Excerpts from a dataset:
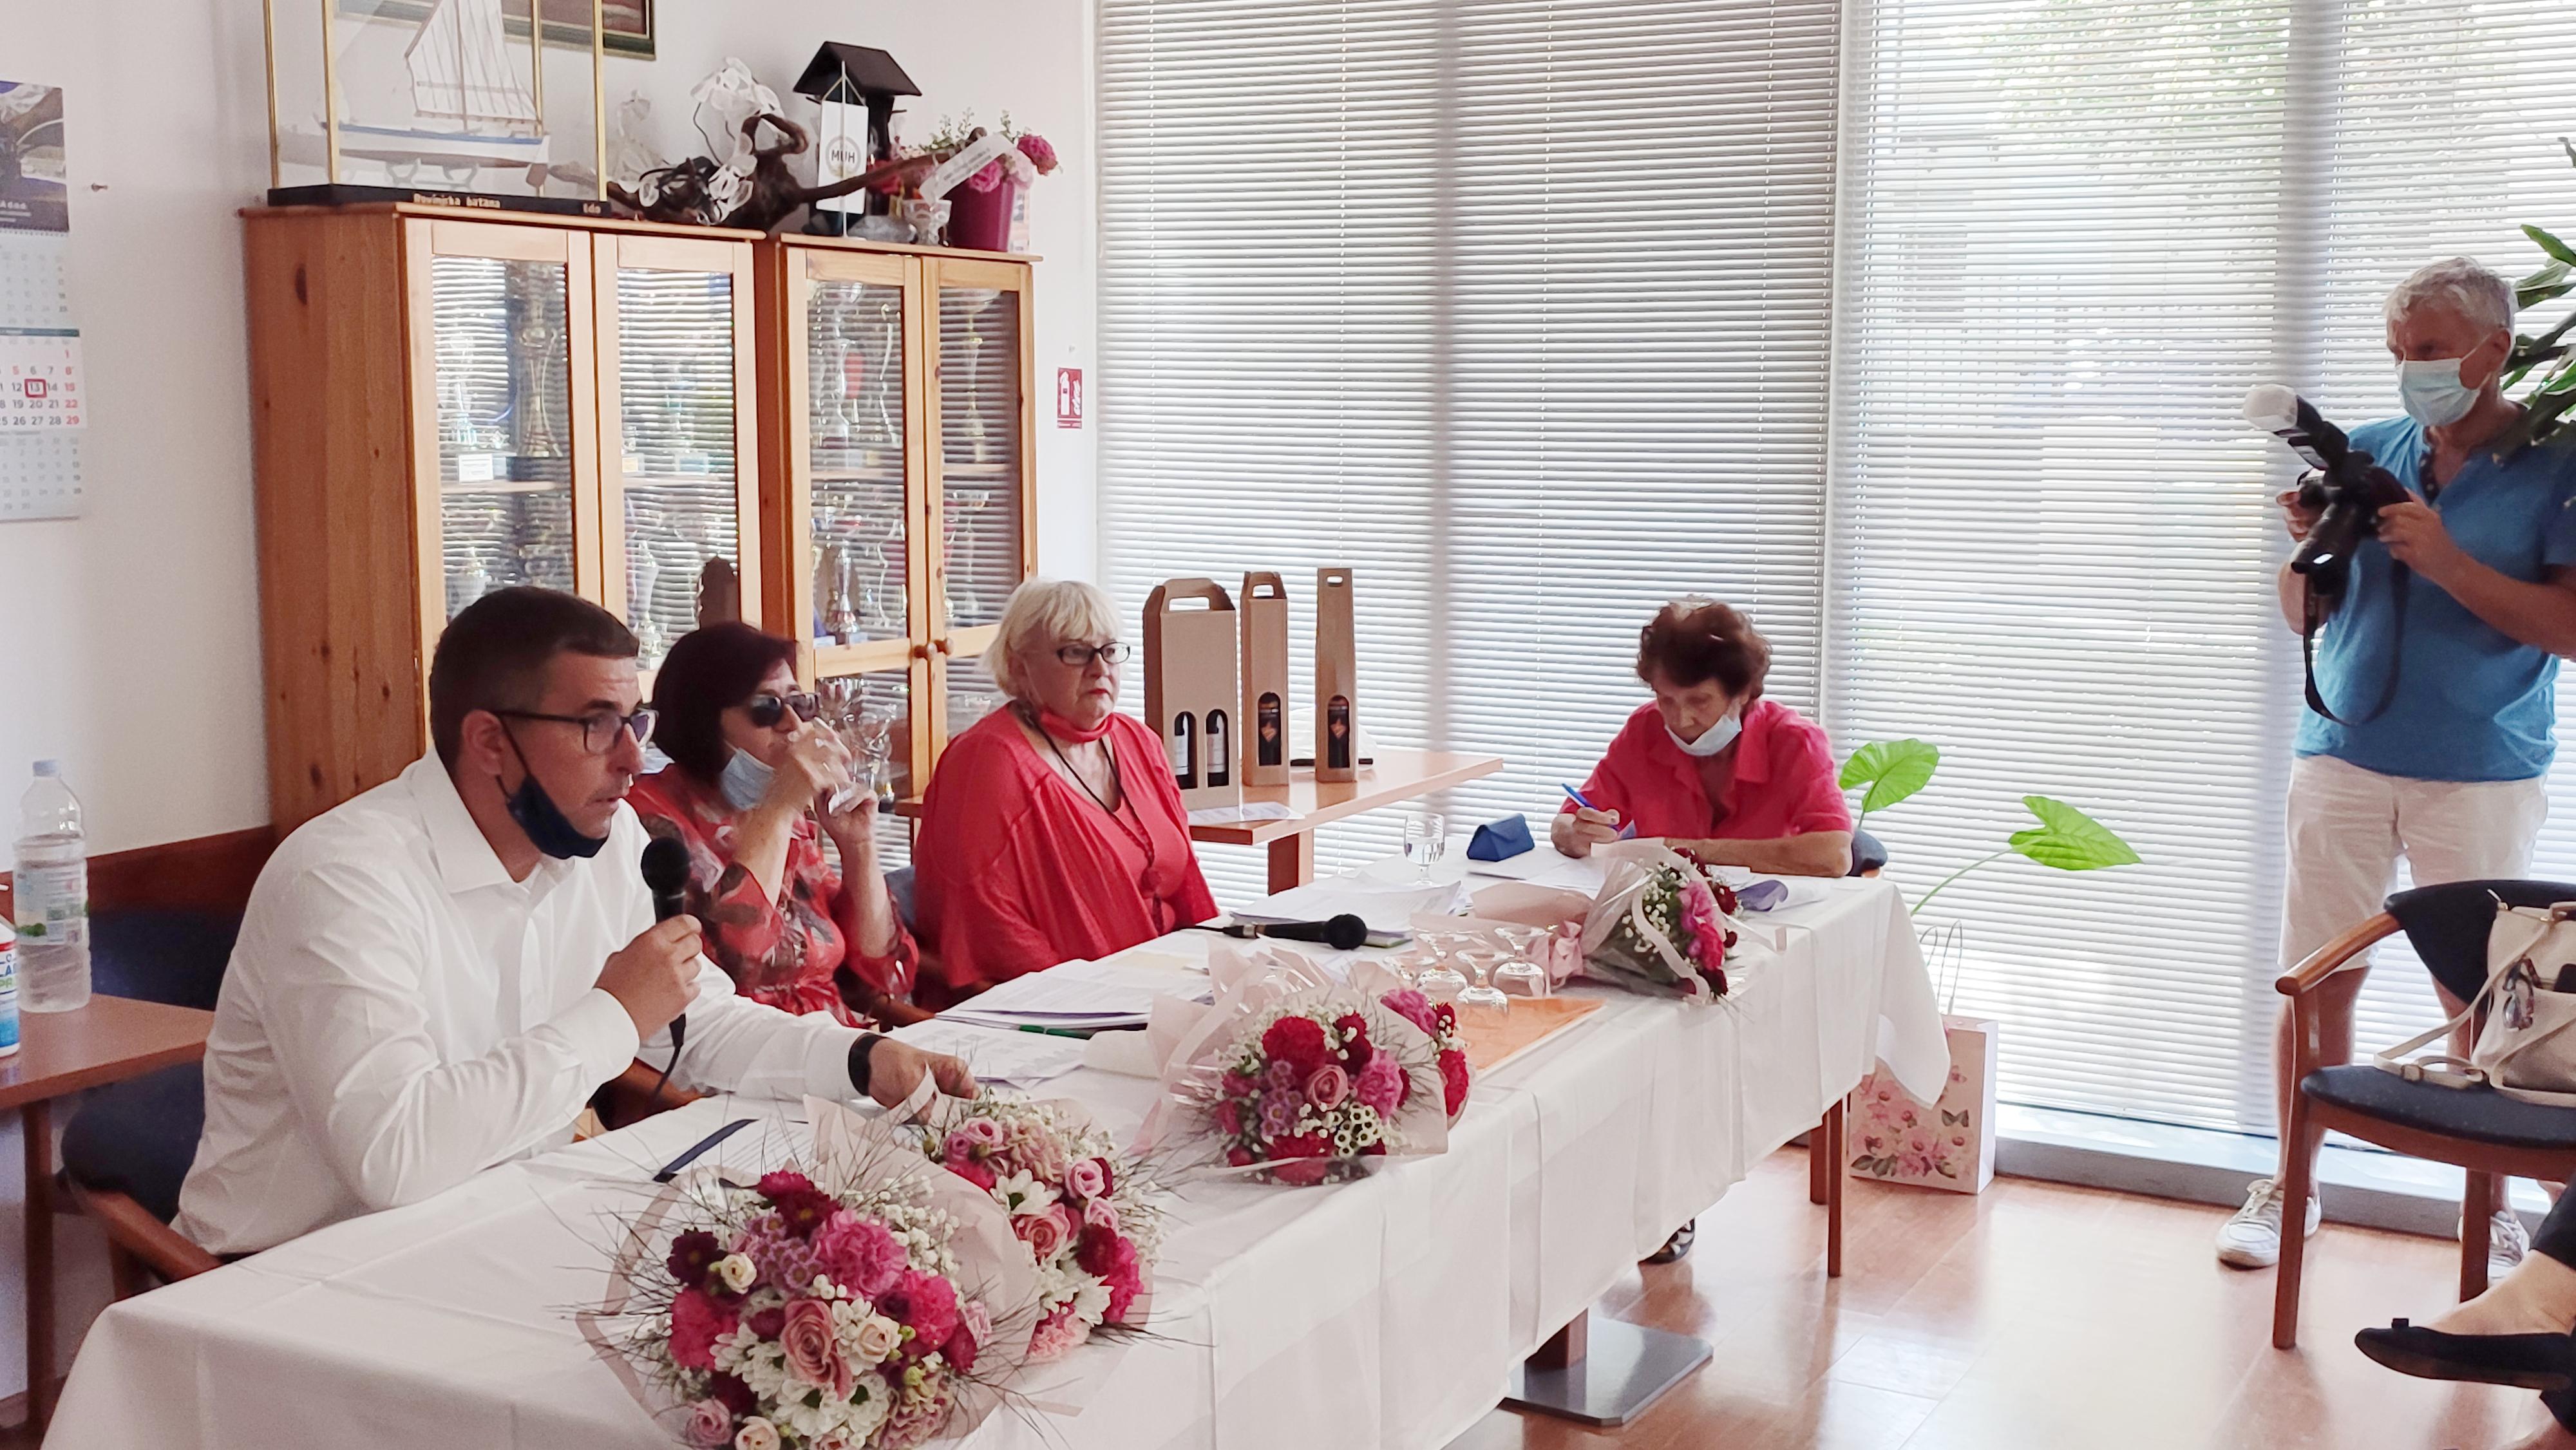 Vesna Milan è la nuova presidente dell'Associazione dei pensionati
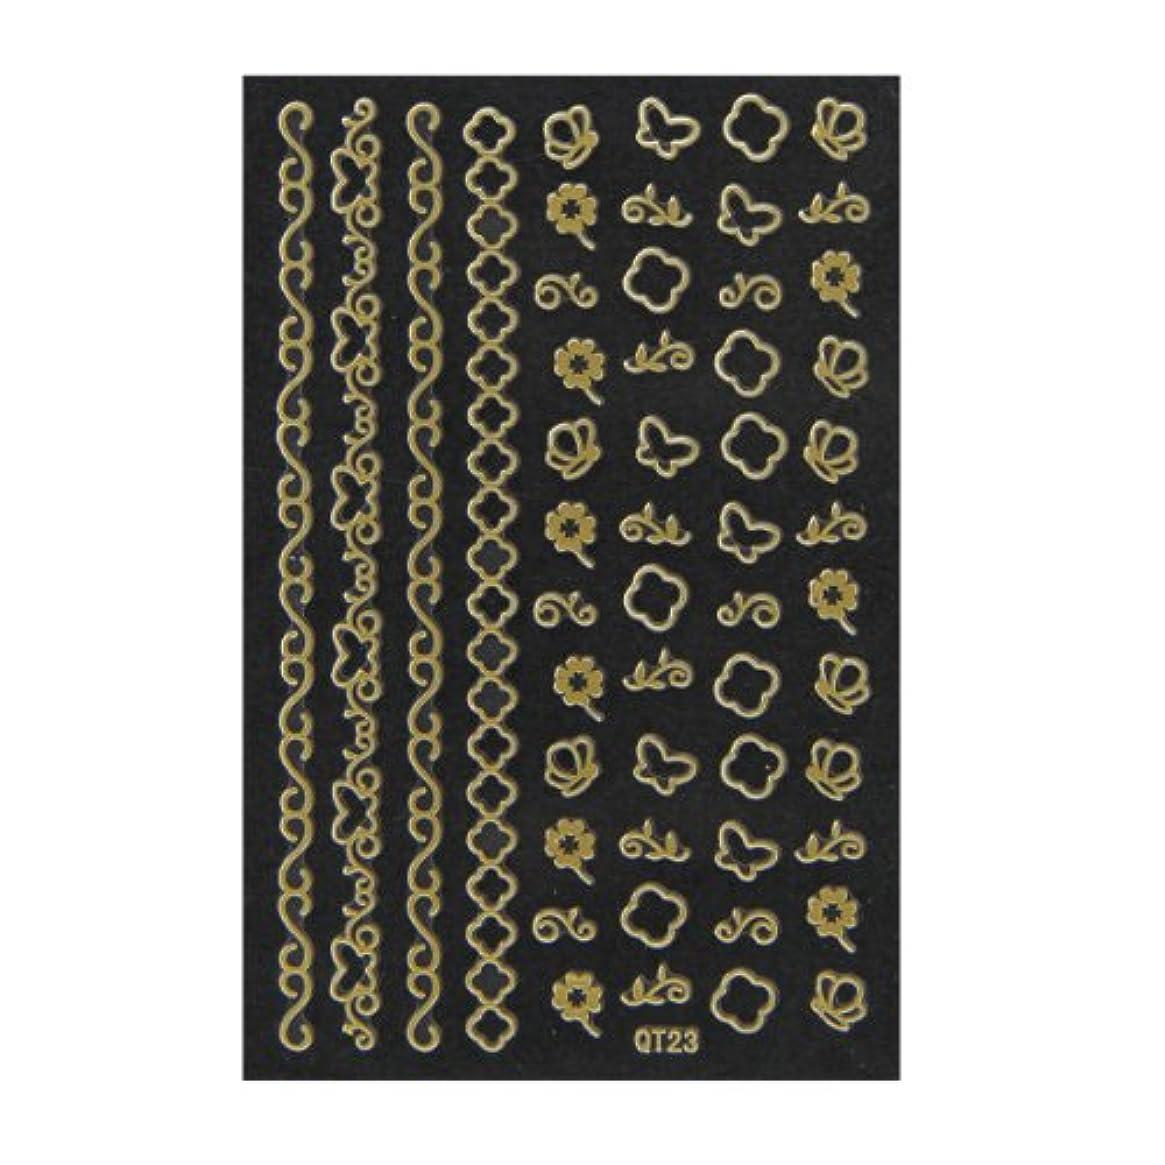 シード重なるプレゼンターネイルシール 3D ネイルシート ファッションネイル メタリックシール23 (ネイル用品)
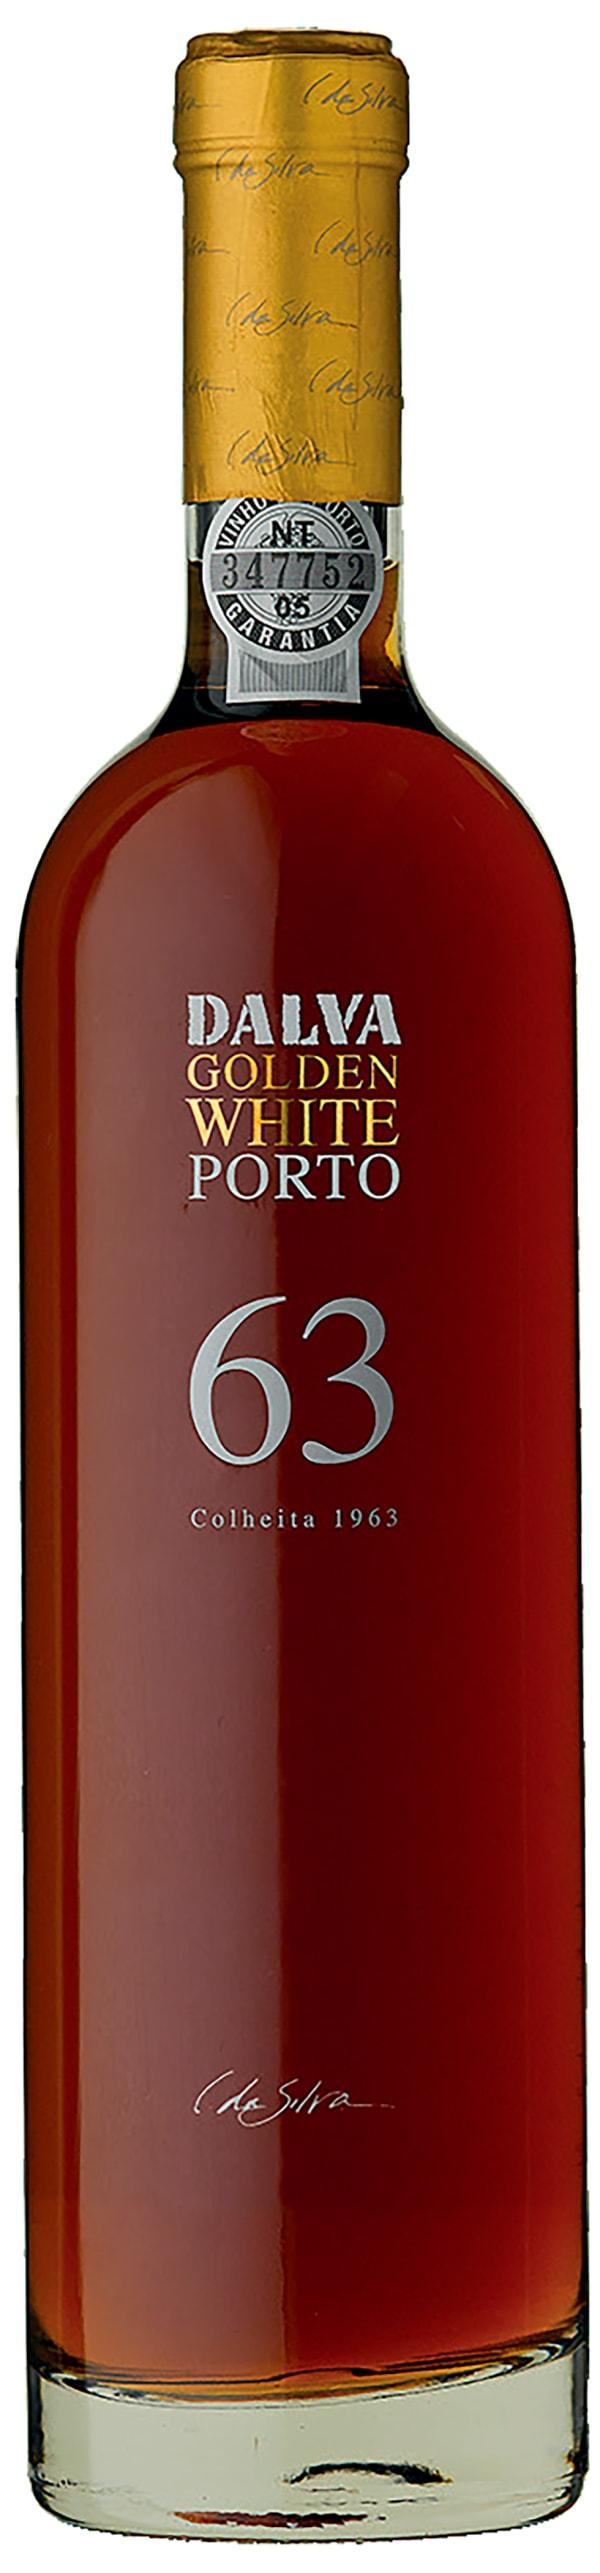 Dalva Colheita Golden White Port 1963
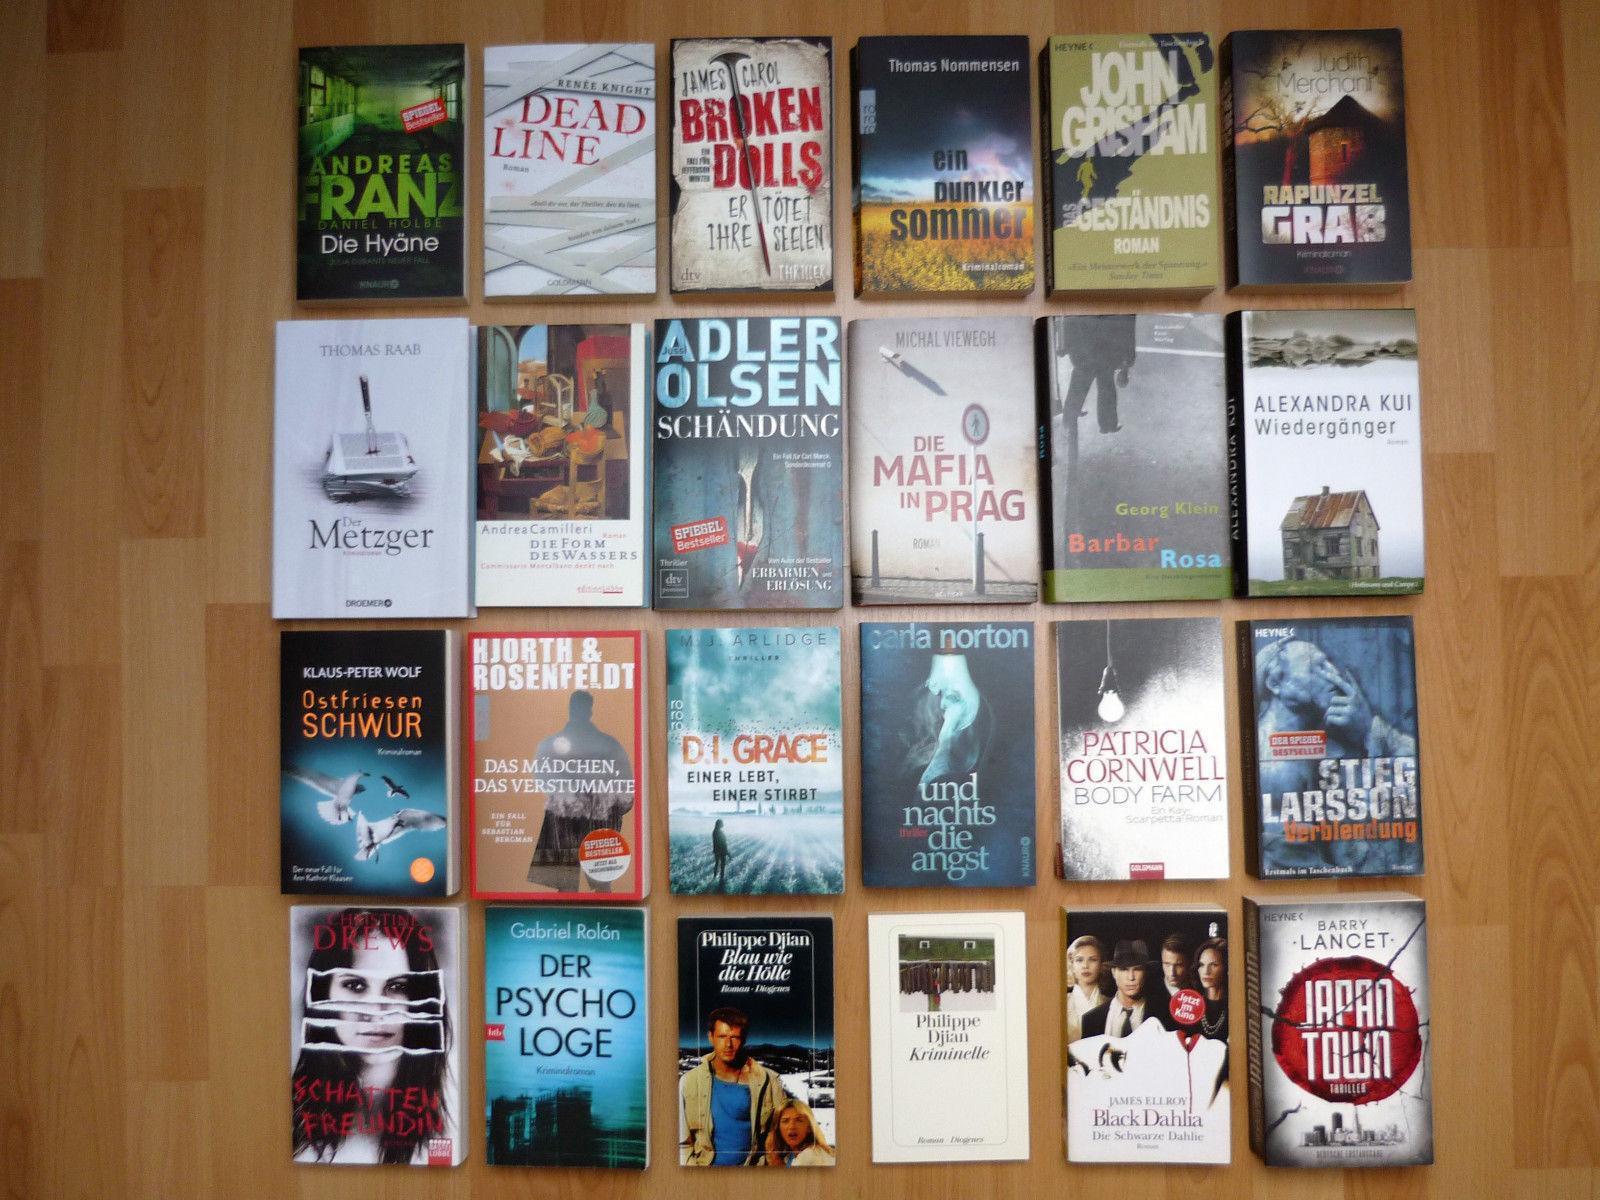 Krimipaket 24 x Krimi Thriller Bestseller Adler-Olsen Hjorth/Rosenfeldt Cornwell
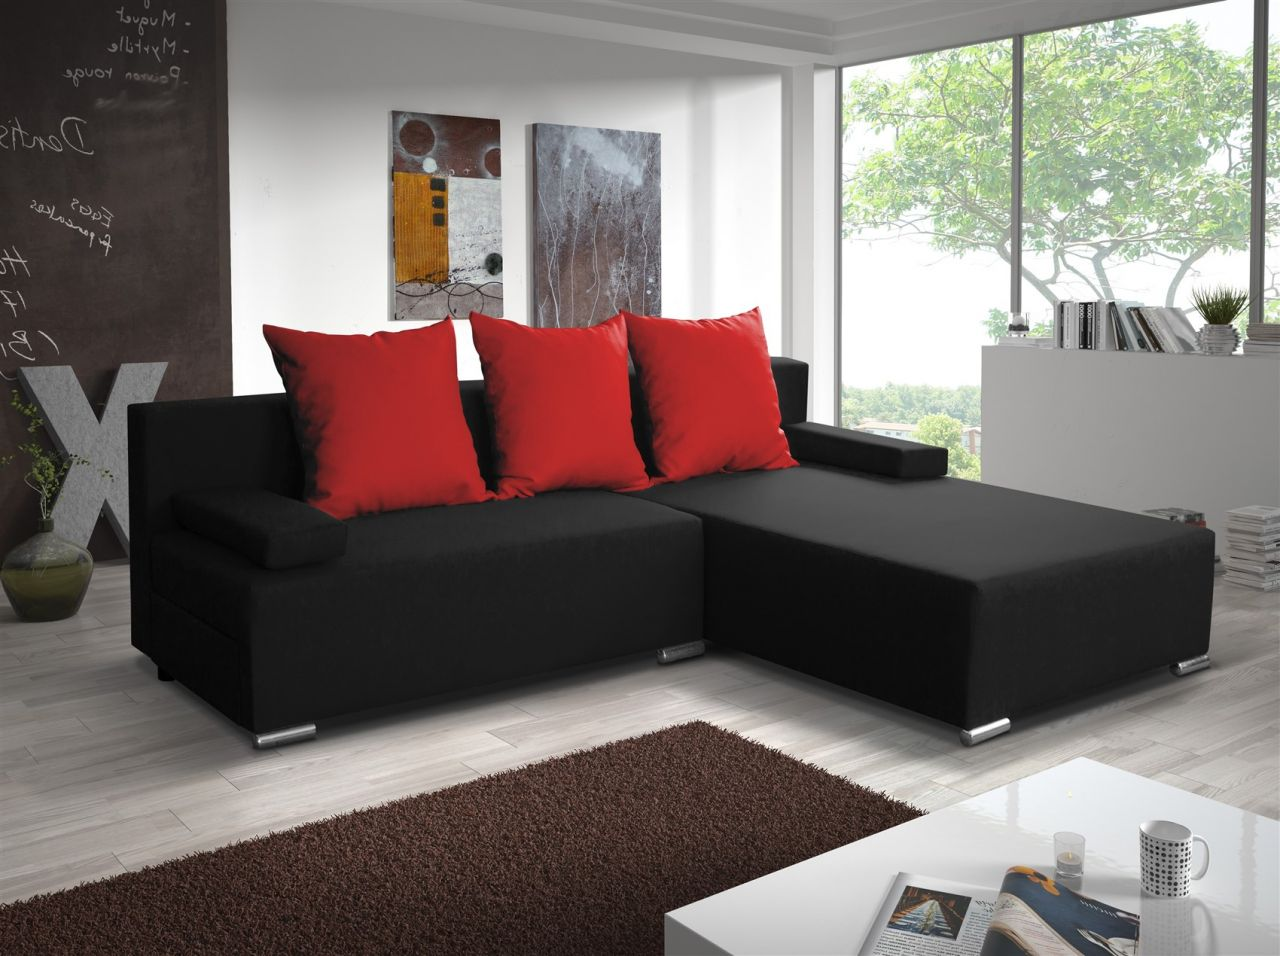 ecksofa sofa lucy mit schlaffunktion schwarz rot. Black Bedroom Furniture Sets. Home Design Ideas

Exercise goal
Go through the data above and print exactly the lines from its first line through the line holding "Krimipaket 24 x", both included, leaving pictures aside.

Response to the exercise
 Vesna Milan è la nuova presidente dell'Associazione dei pensionati
 シード重なるプレゼンターネイルシール 3D ネイルシート ファッションネイル メタリックシール23 (ネイル用品)
 Dalva Colheita Golden White Port 1963
 Krimipaket 24 x Krimi Thriller Bestseller Adler-Olsen Hjorth/Rosenfeldt Cornwell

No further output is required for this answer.